What SimpleDB Is Not
The name "SimpleDB" might lead you to believe that it is just like relational database management systems (RDBMS), only simpler to use. In some respects, this is true, but it is not just about making simplistic database usage simpler. SimpleDB aims to simplify the much harder task of creating and managing a database cluster that is fault-tolerant in the face of multiple failures, replicated across data centers, and delivers high levels of availability.
One misconception that seems to be very common among people just learning about SimpleDB is the idea that migrating from an RDBMS to SimpleDB will automatically solve your database performance problems. Performance certainly is an important part of the equation when you seek to evaluate databases. Unfortunately, for some people, speed is the beginning and the end of the thought process. It can be tempting to view any of the new hosted database services as a silver bullet when offered by a mega-company like Microsoft, Amazon, or Google. But the fact is that SimpleDB is not going to solve your existing speed issues. The service exists to solve an entirely different set of problems. Reads and writes are not blazingly fast. They are meant to be "fast enough." It is entirely possible that AWS may increase performance of the service over time, based on user feedback. But SimpleDB is never going to be as speedy as a standalone database running on fast hardware. SimpleDB has a different purpose.
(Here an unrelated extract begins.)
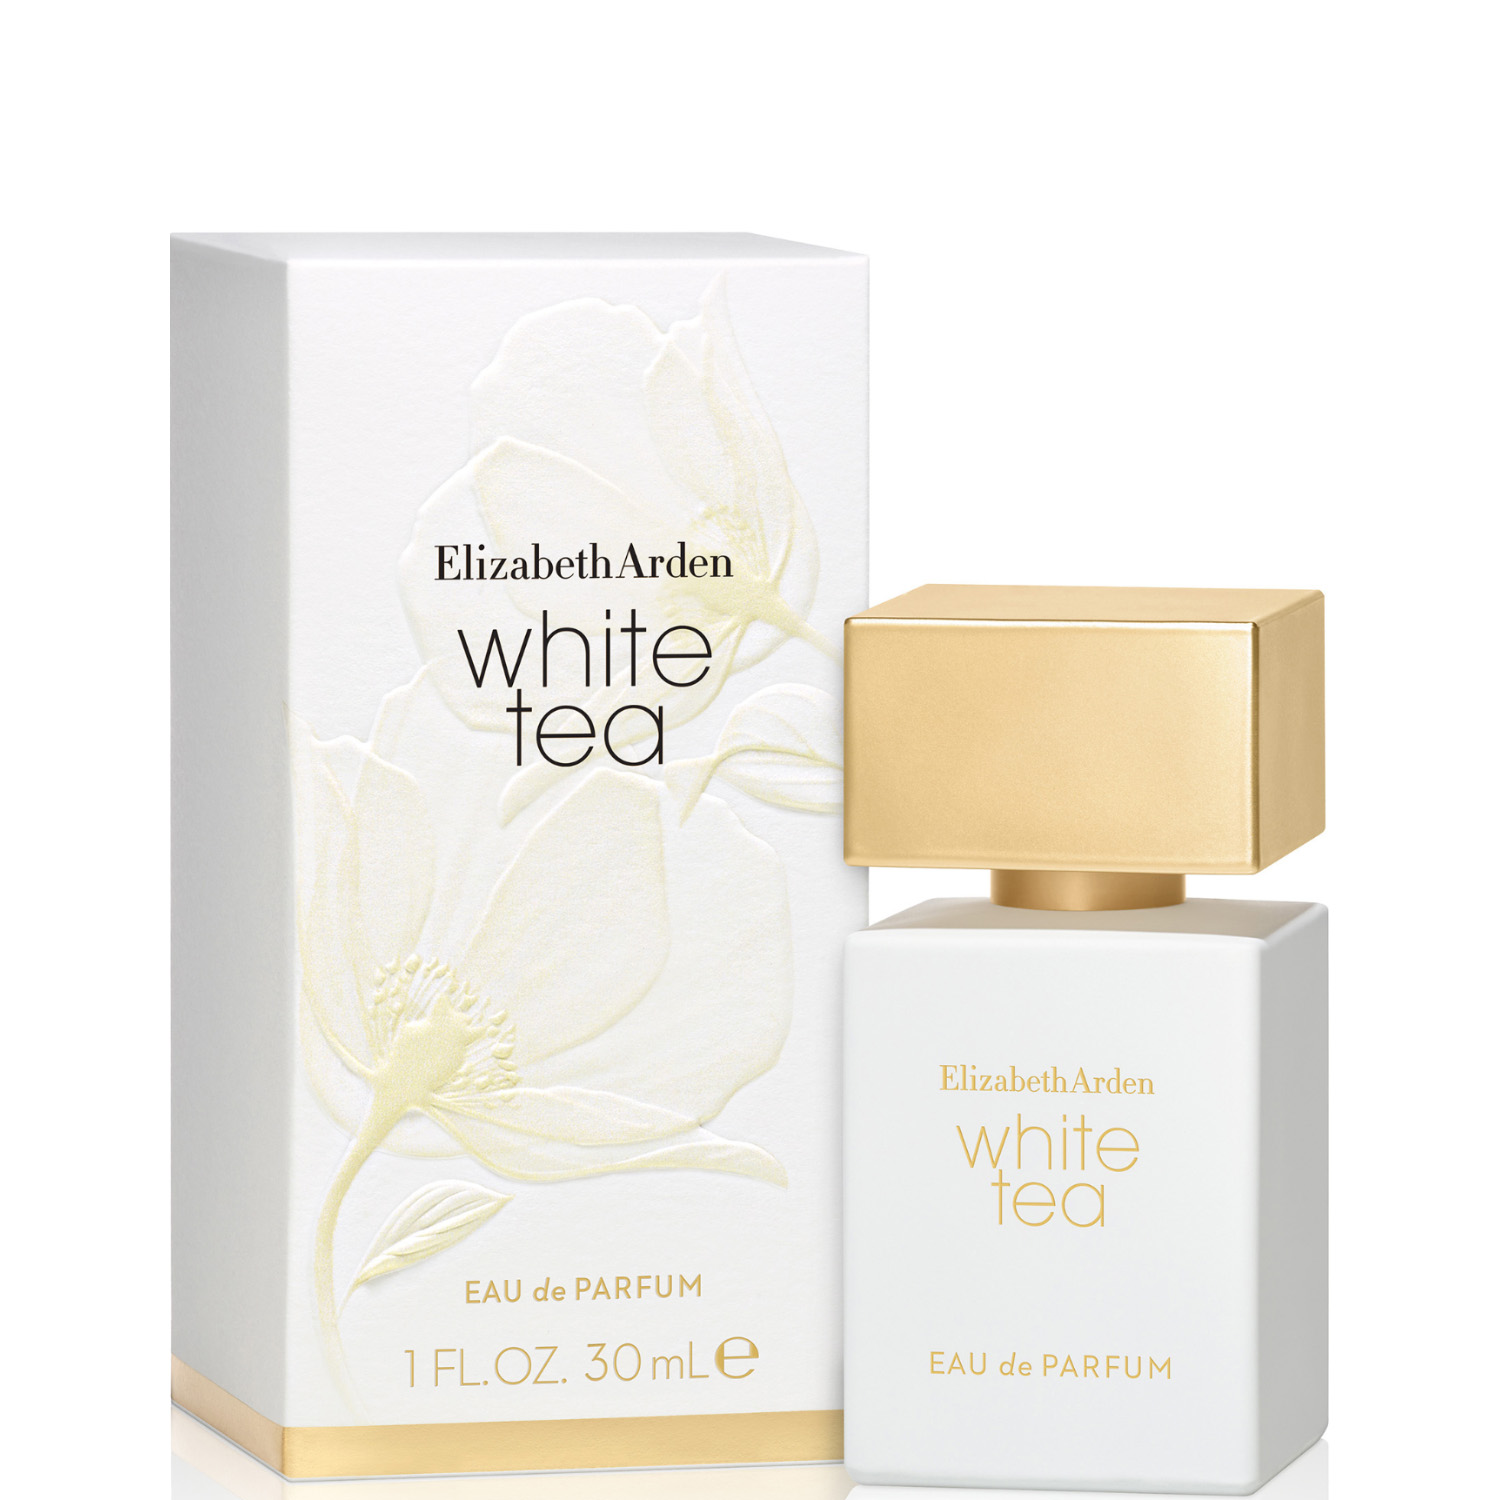 Elizabeth Arden White Tea Eau de Parfum 30ml

Robust database clusters replicating data across multiple data centers is not a data storage solution that is typically easy to throw together. It is a time consuming and costly undertaking. Even in organizations that have the database administrator (DBA) expertise and are using multiple data centers, it is still time consuming. It is costly enough that you would not do it unless there was a quantifiable business need for it. SimpleDB offers data storage with these features on a pay-as-you-go basis.
Of course, taking advantage of these features is not without a downside. SimpleDB is a moderately restrictive environment, and it is not suitable for many types of applications. There are various restrictions and limitations on how much data can be stored and transferred and how much network bandwidth you can consume.
SimpleDB differs from relational databases where you must define a schema for each database table before you can use it and where you must explicitly change that schema before you can store your data differently. In SimpleDB, there is no schema requirement. Although you still have to consider the format of your data, this approach has the benefit of freeing you from the time it takes to manage schema modifications.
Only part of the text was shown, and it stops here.